5年目を迎える共学中等教育学校 〜6年間のロードマップ〜
桐蔭学園中等教育学校 2024
5年前に男女共学となり、新たなスタートを切った桐蔭学園中等教育学校。
生徒が主体的に、自らの足で目標に向かって歩みを進められるように作られた「6年間のロードマップ」に基づき、
これからの社会を生き抜くための資質・能力を養う教育活動が実践されています。
「傾聴と承認」で互いを認め、共に学びあう仲間となる
桐蔭学園中等教育学校(以下、桐蔭学園)は、男女共学の新たな進学校として生まれ変わり5年目を迎えています。今回は、学び支援主任の一蝶(いっちょう)亮先生に、桐蔭学園の6年間のロードマップについてお話を伺いました。
「本校が育てたいのは、『社会的に生きる主体として自ら考え判断し行動できる資質・能力』です。単に難関大学をめざし、大学受験を突破してほしいということだけでなく、生徒たちが将来、自分の足で歩き、生きていける力を育てることを念頭に、6年間のロードマップを作成しました」と一蝶先生は話されます。
桐蔭学園では、6年間を2年ずつ3期に分け、2年ごとのホームルーム替えを行っています。1・2年生はゆっくりと基礎力を養成する時期です。例えば、朝のホームルームで毎日1人ずつ「1分間スピーチ」を実施しています。相手の話にしっかり耳を傾け、聴いたあとは相手に拍手を送る「傾聴と承認」を実践。次第に生徒たちは互いを認めあい、学校全体がともに学びあう仲間だと感じられるようになっていきます。
3・4年生は広い視野をもち、多角的な視点を身につける展開期です。3年次の探究の授業では「15歳のグローバルチャレンジ」として、模擬国連の活動を導入。世界が抱える諸問題の解決に全員で挑戦し、視野を世界へと拡げていきます。
4年次には「16歳のサイエンスチャレンジ」という、情報の整理・分析に特化したデータサイエンス演習に取り組みます。そこで得た深い学びを自分の将来を考えるきっかけにして、文系・理系別授業が始まる5年生からは本格的に大学受験に向かっていくという流れになっています。
「男女別学から共学の中等教育学校に変わって5年目になりましたが、1分間スピーチにしても、探究の授業にしても、最初の頃は『先生に言われたからやっている』という生徒たちも、4年生になる頃には、その積み重ねが自分たちの力になり、成長していることに気づき始めます」と一蝶先生。
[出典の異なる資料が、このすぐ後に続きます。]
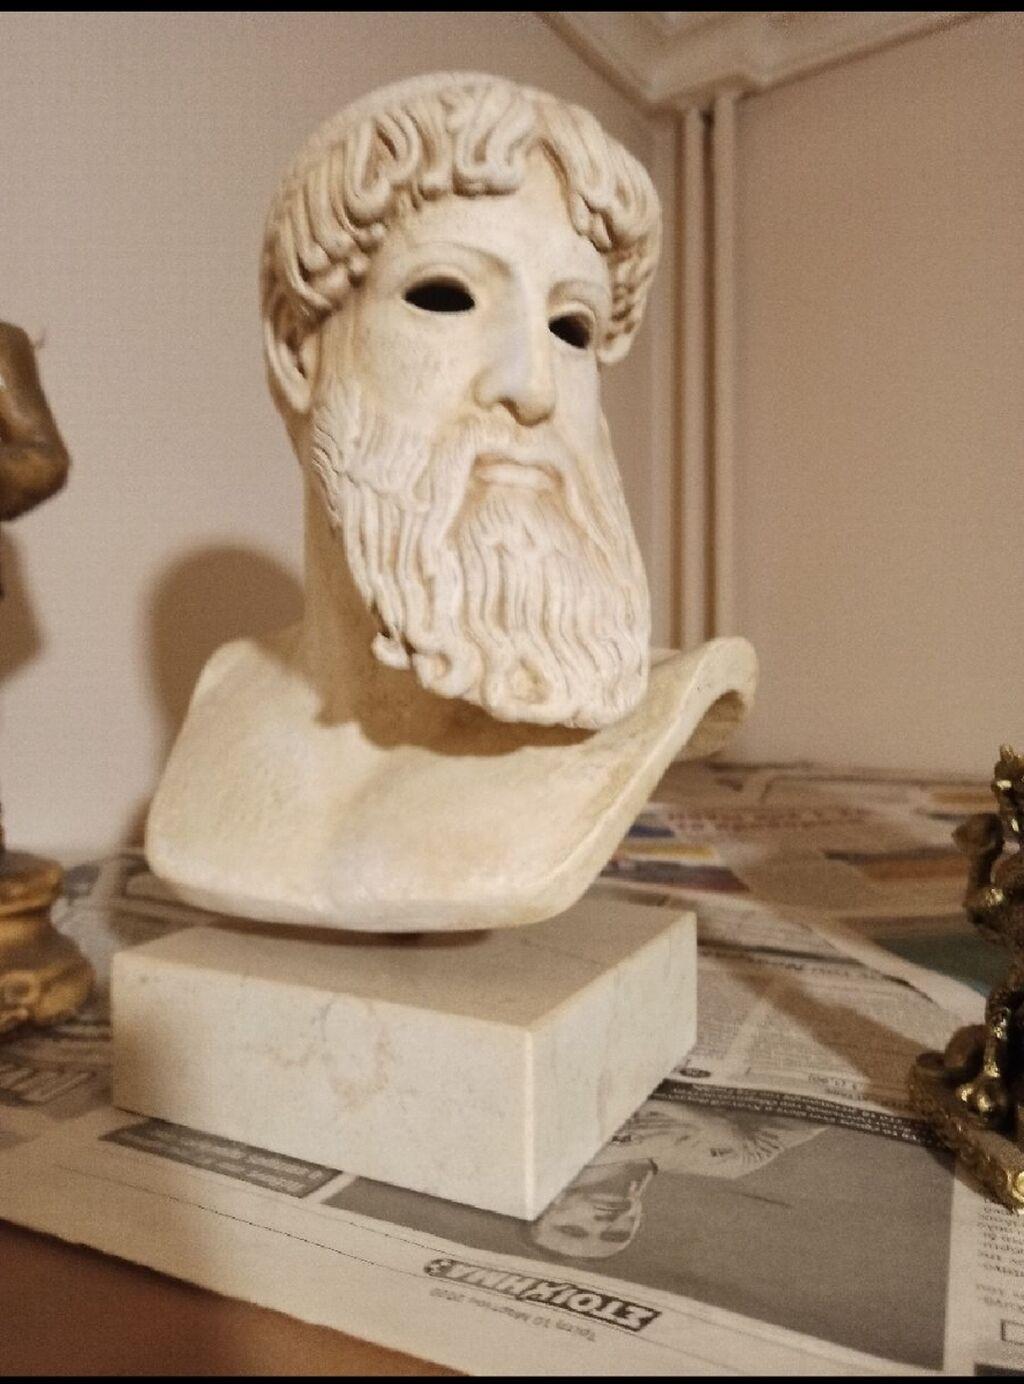 Φιγούρες - Αθήνα: Προτομή Ποσειδώνα με μαρμάρινη βάση

また、「それに気づく頃には、社会に出て生きていくための土台となる力が自然と身についていますから、あとはそれぞれの個性に応じた自律的な受験学習を、我々教員はサポートするだけです。もちろんそれまでの過程でつまずいたりすることなく自己肯定感を育めるように、どの教員も生徒とコミュニケーションをとり、信頼関係を築くように配慮しています。
私も生徒たちとよく話をしますし、教員と生徒の距離が近いのも、本校の特長かもしれませんね。生徒たちの声に耳を傾け、どんな声も受け止めてくれる他者がいるという環境づくりを大切にしています」と嬉しそうに一蝶先生は話されます。
男女共学の中等教育学校としての5年目もなかばを迎え、集大成へのチャレンジを進める桐蔭学園です。
学校生活で得たものは?
共学化後の“1期生” である5 年生のお2 人に、これまでの学校生活を振り返って&今後の目標についてお話を伺いました。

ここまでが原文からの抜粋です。